本発明の実施形態に係るプレコート金属板について破断限界伸び率が10%となるまで引張試験を行ったが、亀裂は入らなかった。
上記表7から明らかなように、本発明例のプレコート金属板は、耐汚染性、加工後の端面塗膜剥離性、耐食性に優れていることがわかる。
また、上記表7から明らかなように、本発明例のプレコート金属板は、2T密着曲げ加工した際、曲げ頭頂部を中心に曲げ方向に対して垂直な方向1mm長さの範囲Aに、トップ塗膜層に幅0.1mm以下のクラックが合計5個以上30個以下発生することがわかる。
上記表7から明らかなように、プライマー塗膜層とトップ塗膜層とを合わせた塗膜層の破断限界伸び率を10%未満とした場合(水準43)、本発明例よりも、塗膜層のクラックが大きく、加工後の端面塗膜剥離性が明らかに劣る。また、プライマー塗膜層とトップ塗膜層とを合わせた塗膜層の破断限界伸び率を25%超とした場合(水準38、40〜42及び44〜48)、本発明例よりも、耐汚染性又は加工後の端面塗膜剥離性が劣ることがわかる。
また、トップ塗膜層の破断限界伸び率が10%超で、プライマー塗膜層の破断限界伸び率が40%以上50%以下である場合(水準40及び45〜47)、本発明例よりも、耐汚染性が明らかに劣ることがわかる。
更に、トップ塗膜層の破断限界伸び率が5%以上10%以下で、プライマー塗膜層の破断限界伸び率が40%未満である場合(水準37、43及び49)、本発明例よりも、塗膜層のクラックが大きく、加工後の端面塗膜剥離性が明らかに劣ることがわかる。
上記表7から明らかなように、プライマー塗膜層及びトップ塗膜層の樹脂成分をともにポリエステル樹脂とし、プライマー塗膜層とトップ塗膜層とを合わせた塗膜層の破断限界伸び率を10%未満とした場合(水準49)、本発明例よりも、耐汚染性及び加工後の端面塗膜剥離性が劣ることがわかる。また、プライマー塗膜層及びトップ塗膜層の樹脂成分をともにポリエステル樹脂とし、プライマー塗膜層の破断限界伸び率を50%超とした場合(水準48)、本発明例よりも、耐汚染性及び加工後の端面塗膜剥離性が明らかに劣ることがわかる。
また、トップ塗膜層の破断限界伸び率を10%超とした場合も同様に(水準45〜47)、本発明例よりも、耐汚染性及び加工後の端面塗膜剥離性が明らかに劣ることがわかる。
以上、図面を参照しながら本発明の実施例について詳細に説明したが、本発明はかかる例に限定されない。本発明の属する技術の分野における通常の知識を有する者であれば、特許請求の範囲に記載された技術的思想の範疇内において、各種の変更例または修正例に想到し得ることは明らかであり、これらについても、当然に本発明の技術的範囲に属するものと了解される。

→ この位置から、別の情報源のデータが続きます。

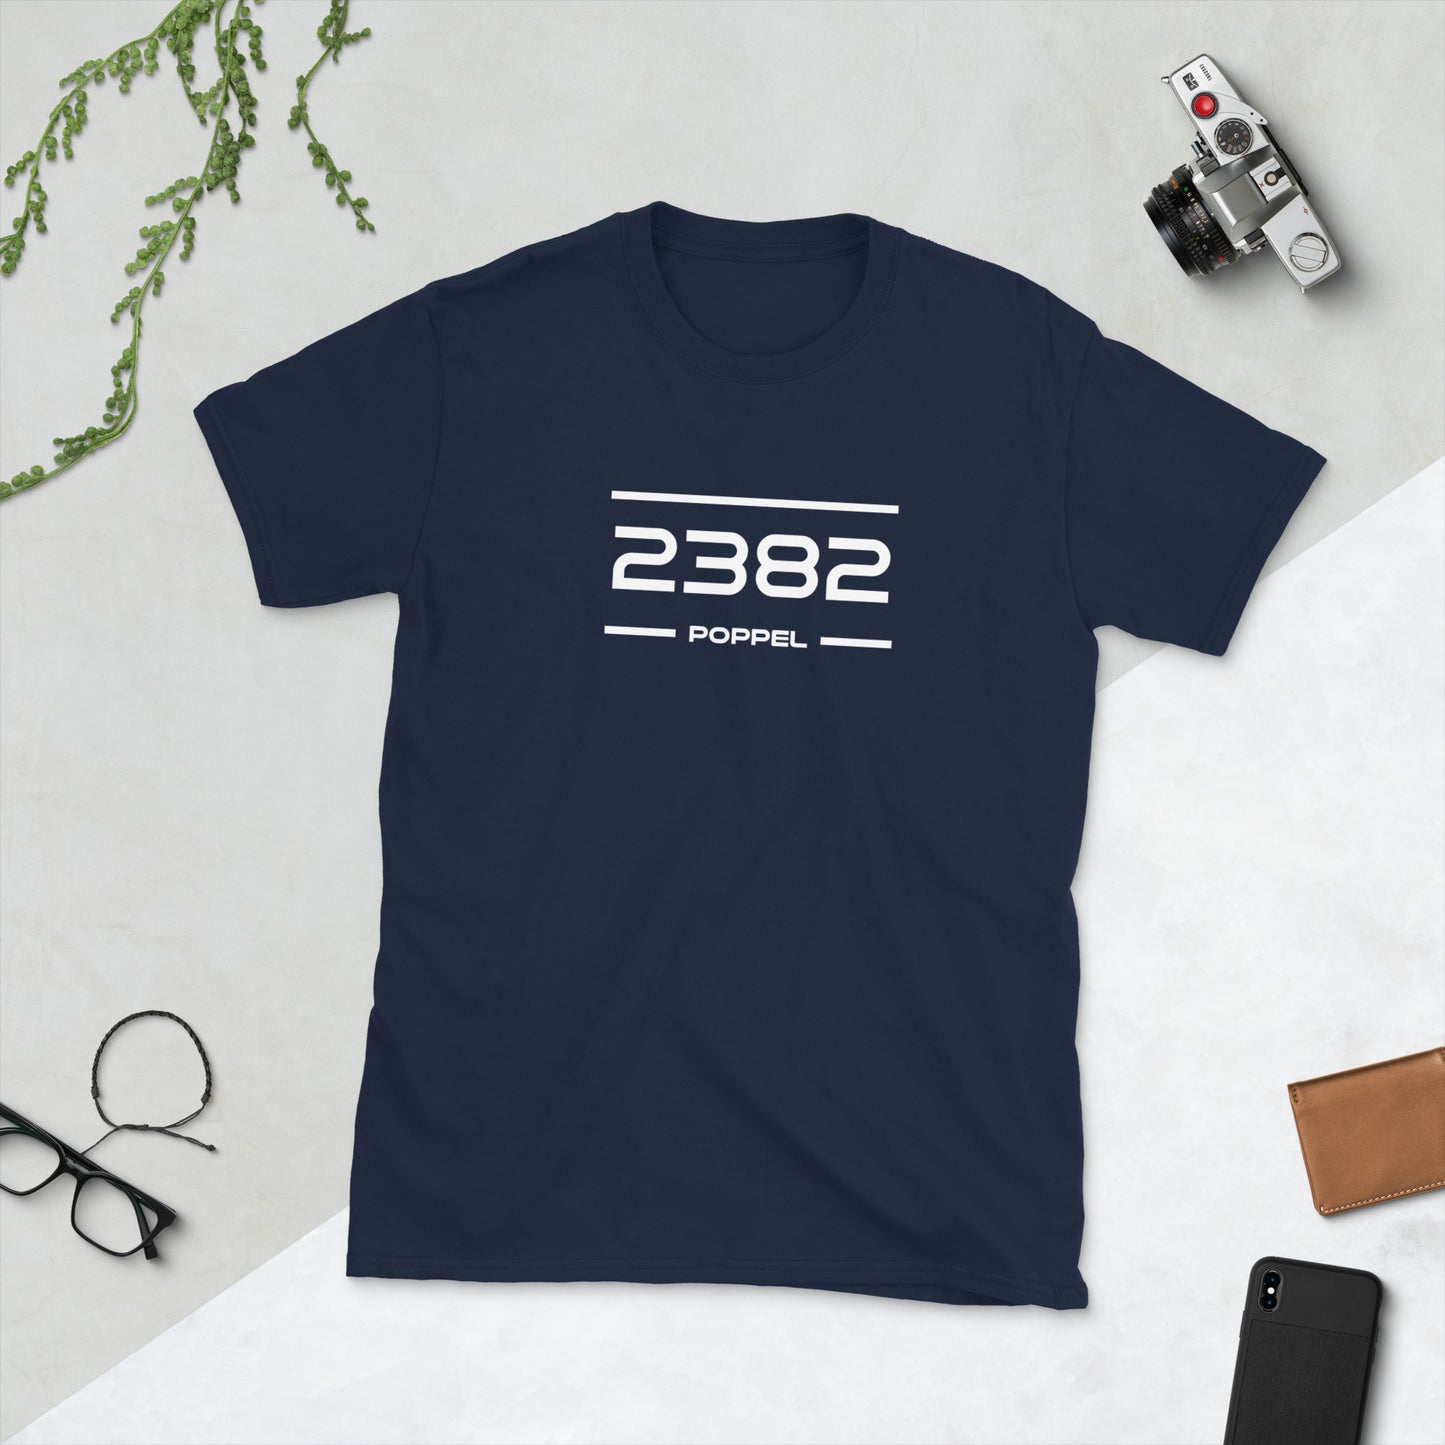 Tshirt - 2382 - Poppel

本発明の実施形態によれば、長期の耐汚染性、端面塗膜剥離性、耐食性に優れるプレコート金属板を提供することができる。
1 クラックの幅
2 トップ塗膜層
3 プライマー塗膜層
4 プレコート金属板
A 曲げ頭頂部を中心に曲げ方向に対して垂直な方向1mm長さの範囲

Claims (10)

  1. 金属板と、
    前記金属板上に設けられ、クロメートを含有しない下地塗膜層と、
    前記下地塗膜層上に設けられ、クロメートを含有しないプライマー塗膜層と、
    前記プライマー塗膜層上に設けられたトップ塗膜層と、
    を有するプレコート金属板であって、
    前記プライマー塗膜層と前記トップ塗膜層とを合わせた塗膜層の破断限界伸び率が10%以上25%以下であり、
    前記プライマー塗膜層のガラス転移点温度が、50℃超100℃以下であり、
    前記トップ塗膜層は樹脂成分を含み、前記樹脂成分はアクリル樹脂またはポリエステル変性アクリル樹脂を含み、
    前記プレコート金属板を2T密着曲げ加工した際、曲げ頭頂部を中心に曲げ方向に対して垂直な方向1mm長さの範囲に、前記トップ塗膜に幅0.1mm以下のクラックが合計5個以上30個以下発生する
    ことを特徴とする、プレコート金属板。
  2. 前記プライマー塗膜層の破断限界伸び率が40%以上50%以下であり、
    前記トップ塗膜層の破断限界伸び率が5%以上10%以下であり、
    前記プライマー塗膜層は防錆顔料及び樹脂成分を含み、前記防錆顔料は、リン酸マグネシウム、リン酸カルシウム、リン酸アルミニウムまたはリン酸亜鉛のうち少なくとも1つ以上を含み、前記プライマー塗膜層中の前記樹脂成分はエポキシ変性ポリエステル樹脂を含む
    ことを特徴とする請求項1に記載のプレコート金属板。
  3. 前記プライマー塗膜層が防錆顔料を含み、前記防錆顔料の濃度が、樹脂固形分100質量部に対して10質量部以上160質量部以下である
    ことを特徴とする、請求項1または2に記載のプレコート金属板。
  4. 前記トップ塗膜層は、メラミン樹脂を含有しない
    ことを特徴とする、請求項1〜3のいずれか一項に記載のプレコート金属板。
  5. 前記トップ塗膜層の表面の動摩擦係数が0.06以上0.25以下である
    ことを特徴とする、請求項1〜4のいずれか一項に記載のプレコート金属板。
  6. 50℃95%RH湿潤環境下に72時間放置後の前記トップ塗膜層の表面の水接触角が、60度以下である
    ことを特徴とする、請求項1〜5のいずれか一項に記載のプレコート金属板。
  7. 前記トップ塗膜層が、オルガノシリケートを含有する
    ことを特徴とする、請求項1〜6のいずれか一項に記載のプレコート金属板。
  8. 前記トップ塗膜層中の前記オルガノシリケートの含有量が、前記トップ塗膜層の樹脂固形分100質量部に対して0.1質量部以上20質量部以下である
    ことを特徴とする、請求項7に記載のプレコート金属板。
  9. 前記下地塗膜層は、微粒シリカ、シランカップリング剤、タンニン酸の少なくとも1つを含有する
    ことを特徴とする、請求項1〜8のいずれか一項に記載のプレコート金属板。
  10. 前記プライマー塗膜層の膜厚が3〜10μmであり、前記トップ塗膜層の膜厚が5〜25μmである
    ことを特徴とする請求項1〜9のいずれか一項に記載のプレコート金属板。